§ Task description: Looking at the listing below, retype exactly the lines starting at the one containing "Popular Hunter Boots of 2020" and ending at the one containing "2017 Supreme Luminous", both included, and nothing else.
=== Data to examine ===
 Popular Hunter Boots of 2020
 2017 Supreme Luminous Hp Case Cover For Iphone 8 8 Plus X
===
=== Data to examine ===
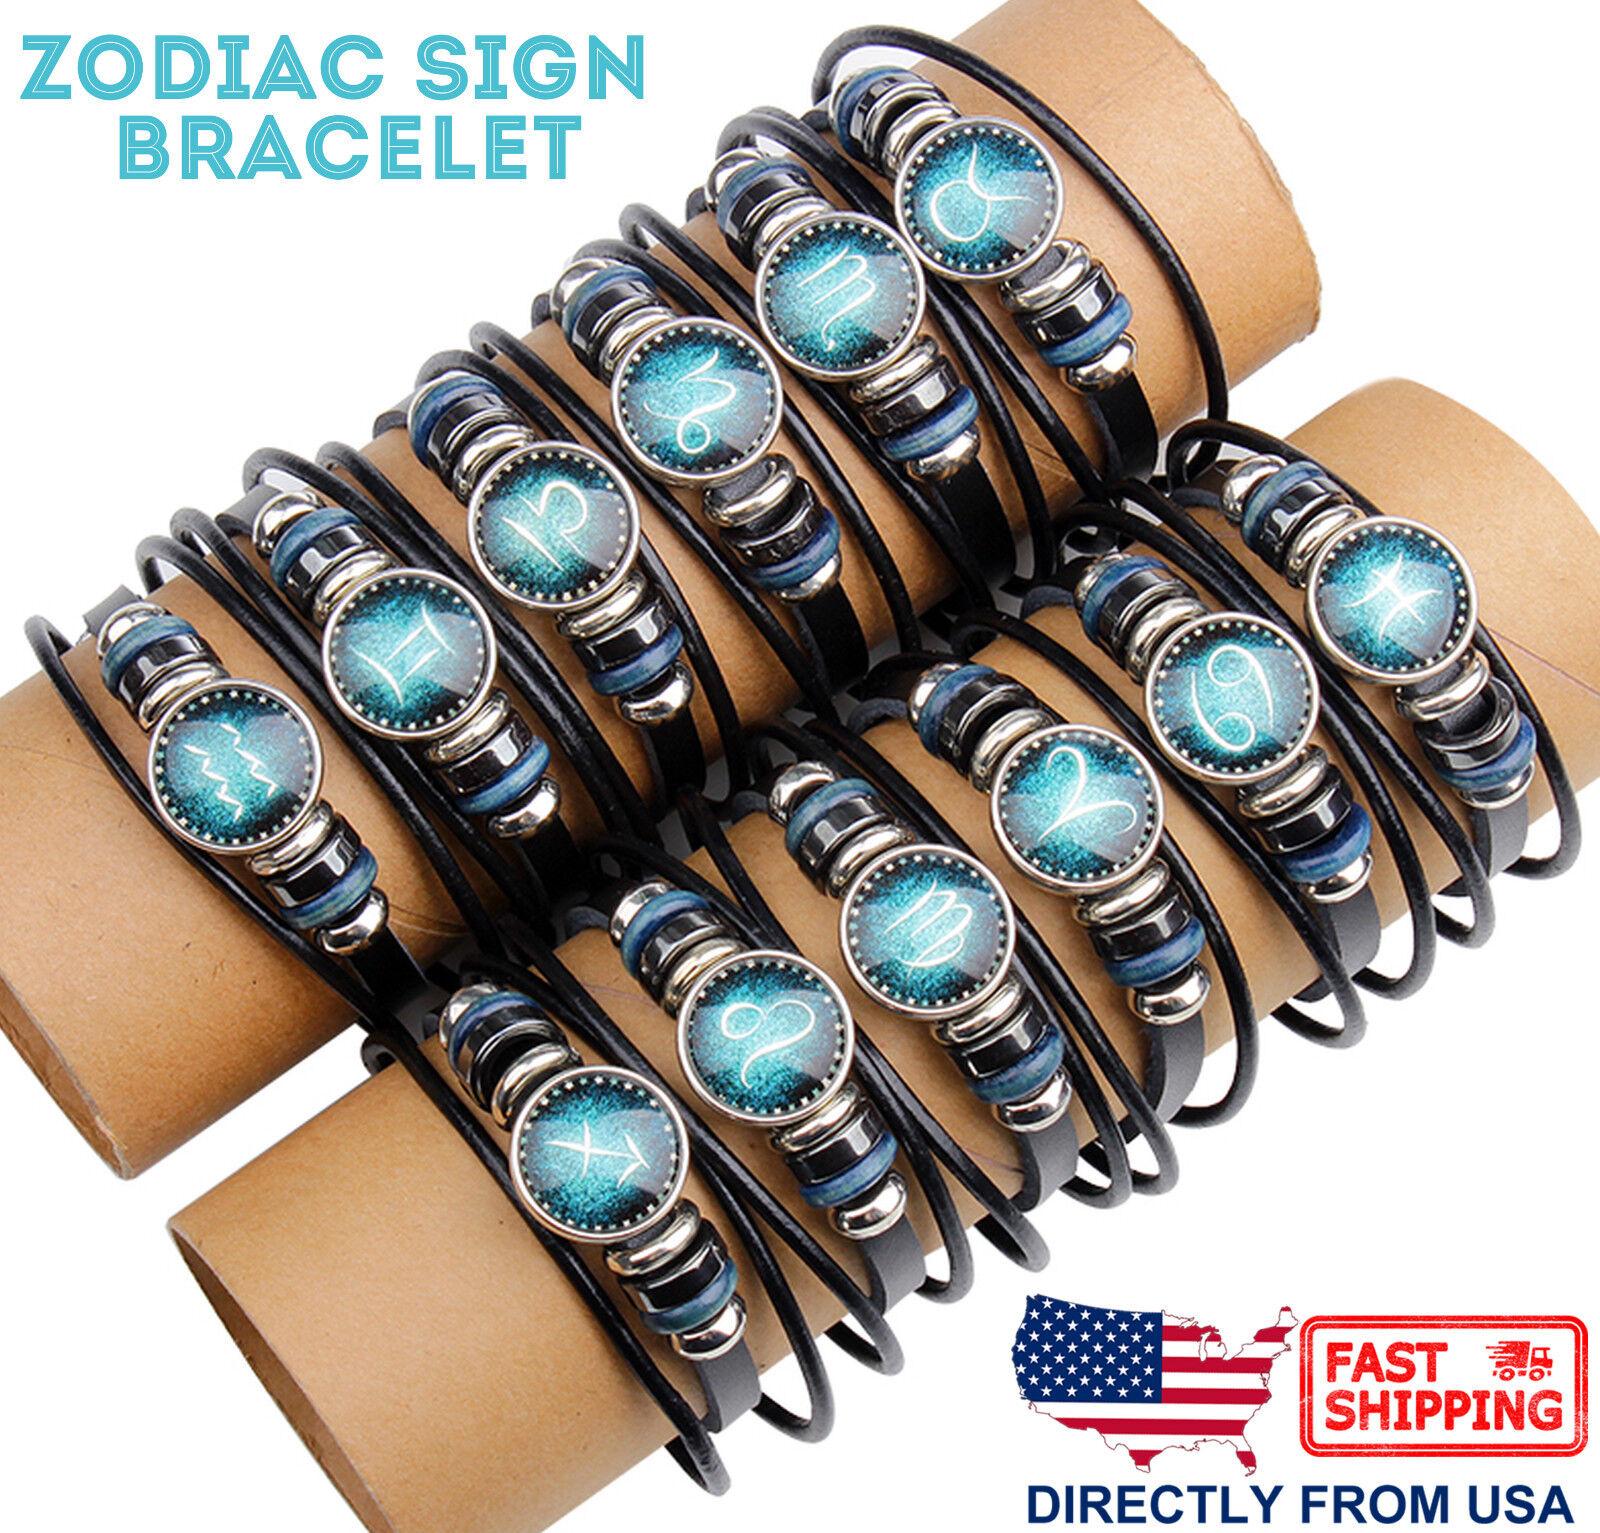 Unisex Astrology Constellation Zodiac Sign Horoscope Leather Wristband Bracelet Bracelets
===
§ Reply:
 Popular Hunter Boots of 2020
 2017 Supreme Luminous Hp Case Cover For Iphone 8 8 Plus X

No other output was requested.